Seniors rely on their workplace to cover a chunk of health, life and disability insurance, so a lot of times leaving the workforce is simply not an option.

Financial advisors typically say you should have 8 times your starting salary by the time you turn 60, so keep that figure in mind when you’re planning out your retirement. 


If you find yourself in the same situation, here are a few things to keep in mind:

1. Always keep an eye on your money. Don’t just look at your saving accounts every once in a while. You should stay on top of any investments and profit-sharing plans, not to mention employee stock ownership plans from your office. 

You should always be aware of every last dollar, including any benefits you’re entitled to. That’s why it’s crucial that you’re aware of your full retirement age, calculated based on your birth year. So don’t take just anyone’s words on when that is and look it up for your own as some people might experience it sooner or later even if they’re close in age.

2. Stay on top of your required minimum distributions. You could face as much as a 50% penalty if you forget about your RMDs when it comes to 401(k) and individual retirement accounts. So, no matter the amount you avoid withdrawing will see a 50% cut unless you’re still working. 
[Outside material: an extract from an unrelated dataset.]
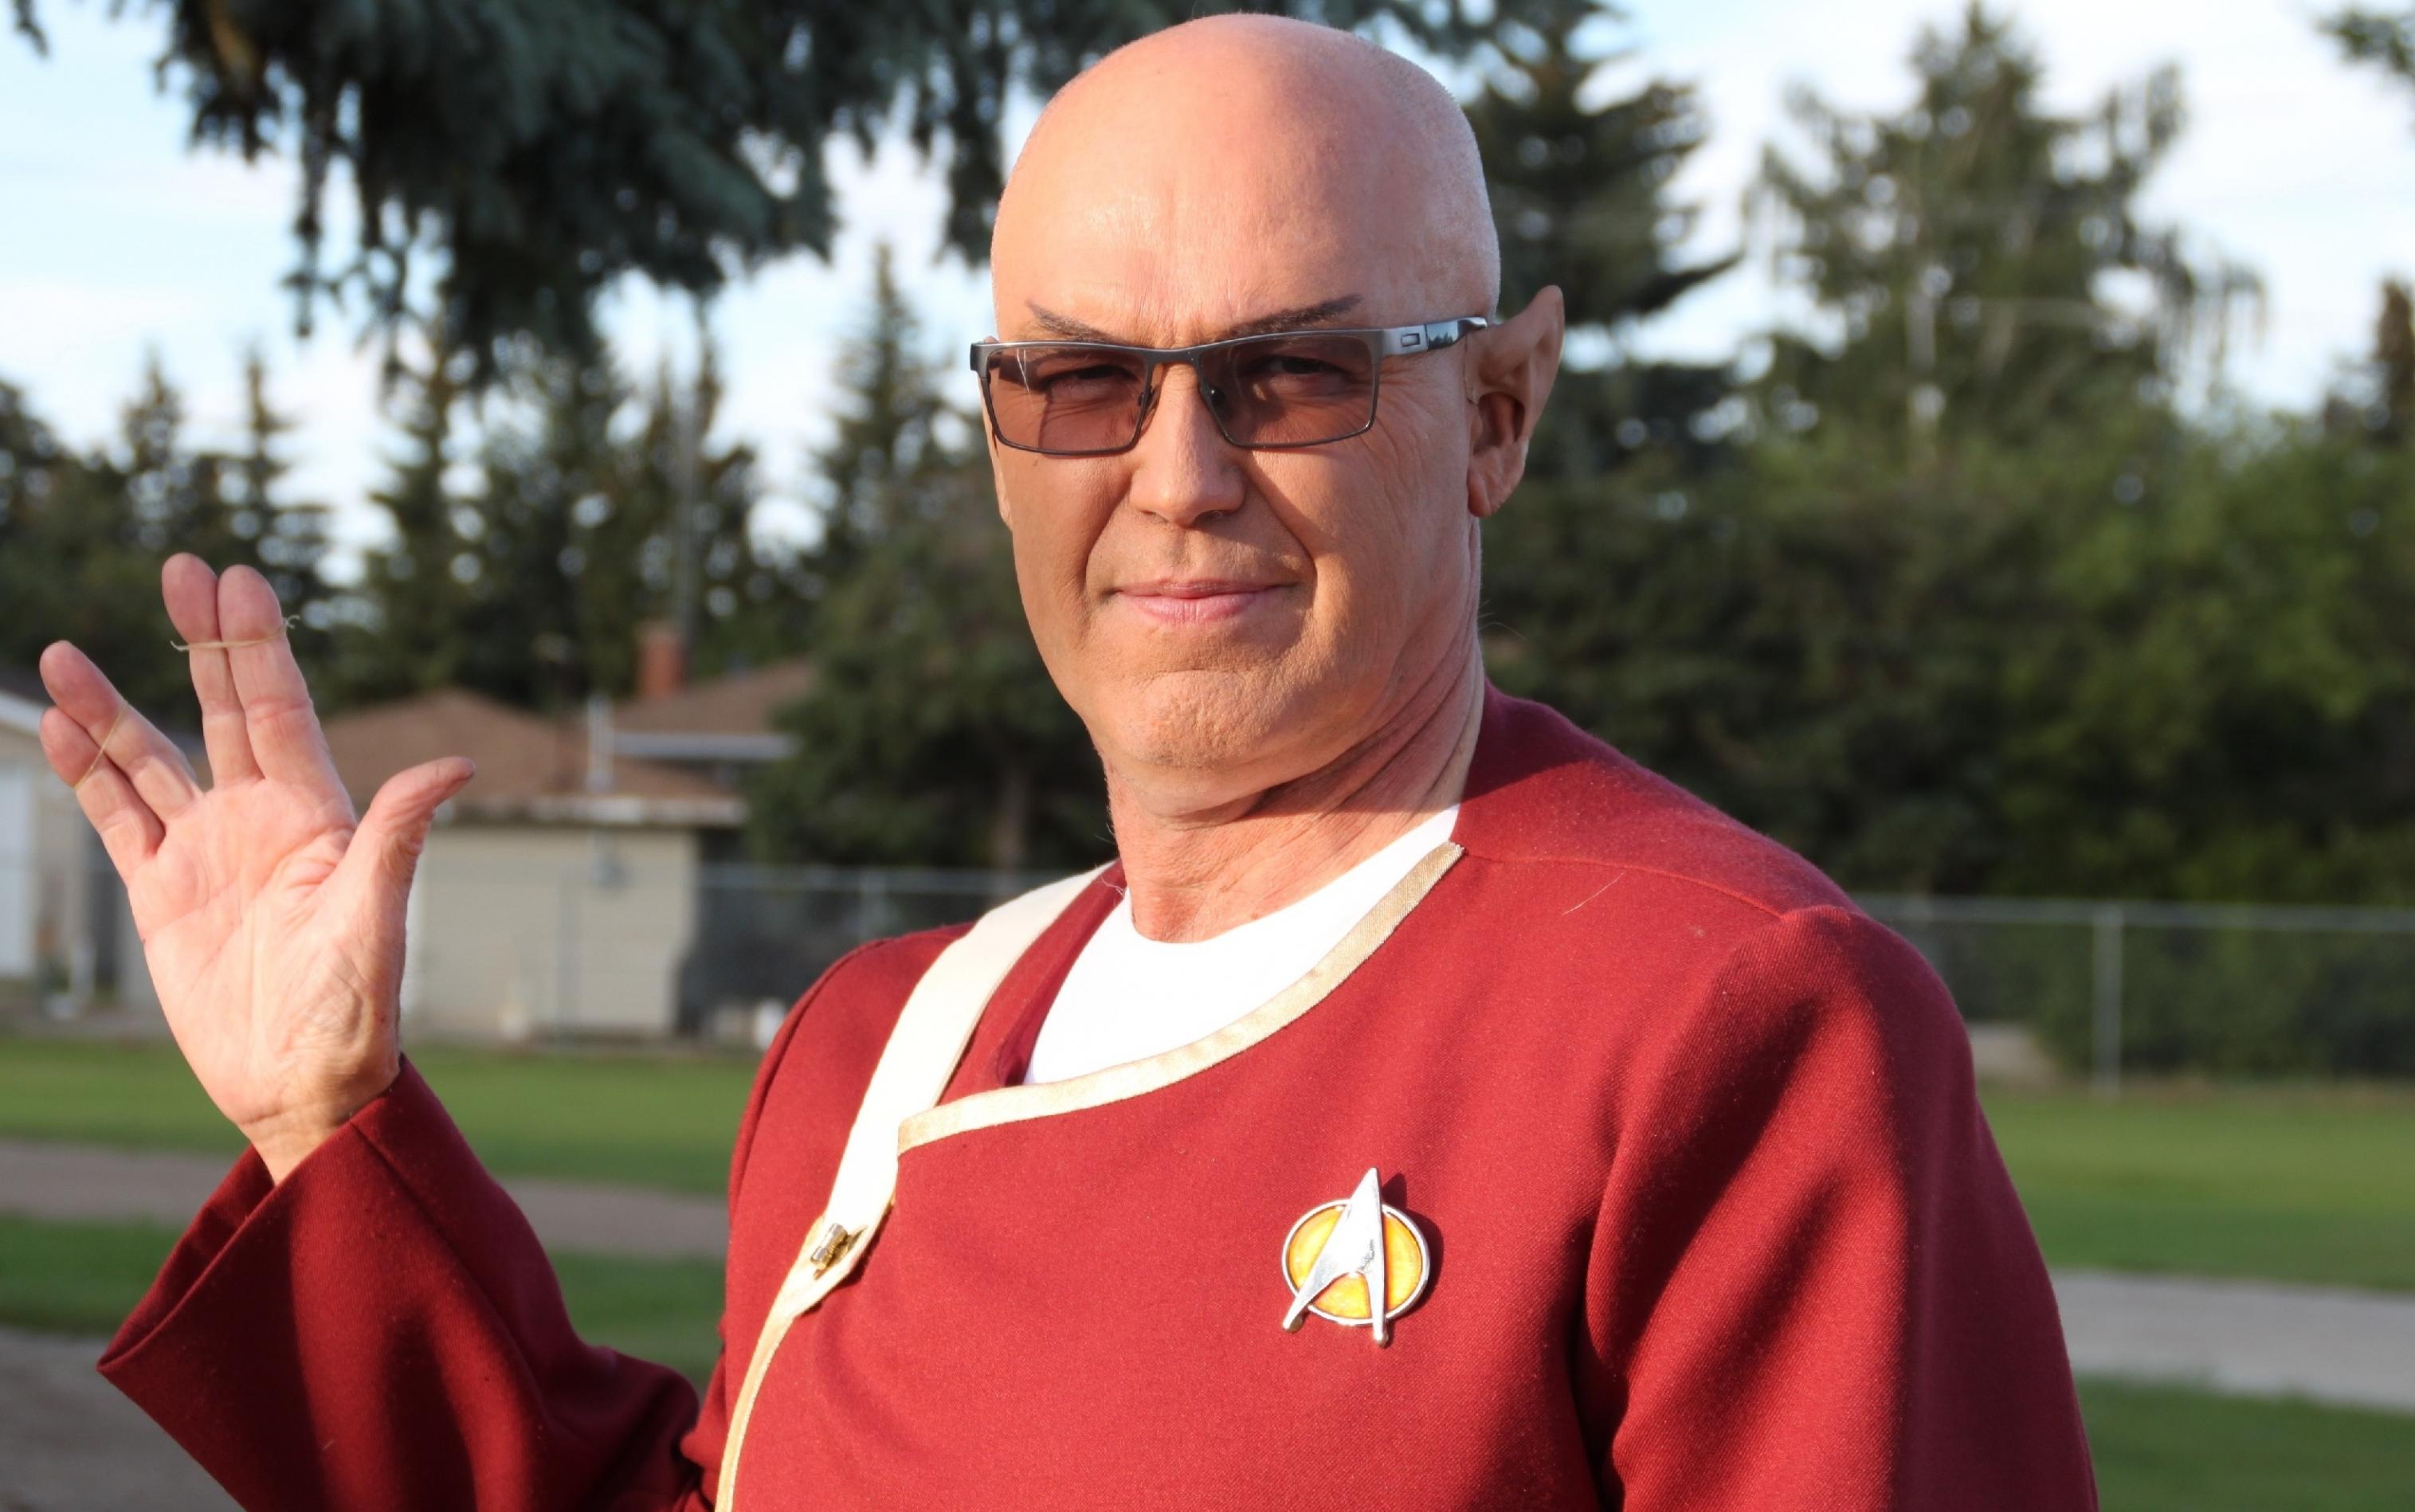 Mann mit Star-Trek-Uniform und spitzen Ohren.

There are some confusing exceptions, though. You must still withdraw if you own 5% or more of the company, for example. As far as IRAs go, you also have to withdraw whether you’re still working or not. 

So don’t lose sight of what you can or can’t avoid depending on your personal financial situation.

3. Planning for retirement is more than the numbers in your account. Everyone’s retirement is different, there’s no doubt about that. Sometimes it seems natural to just go with the flow and take hints from everyone else around you, but if you want to be fully prepared, consider speaking to a financial advisor.

They can help you look at your situation from the outside while giving insight on what you should expect and what you shouldn’t worry about. Some retirees can become so stressed about their monetary situation that they forget about certain benefits, requirements and even their inheritance plans. 

An outside opinion could help put you at ease.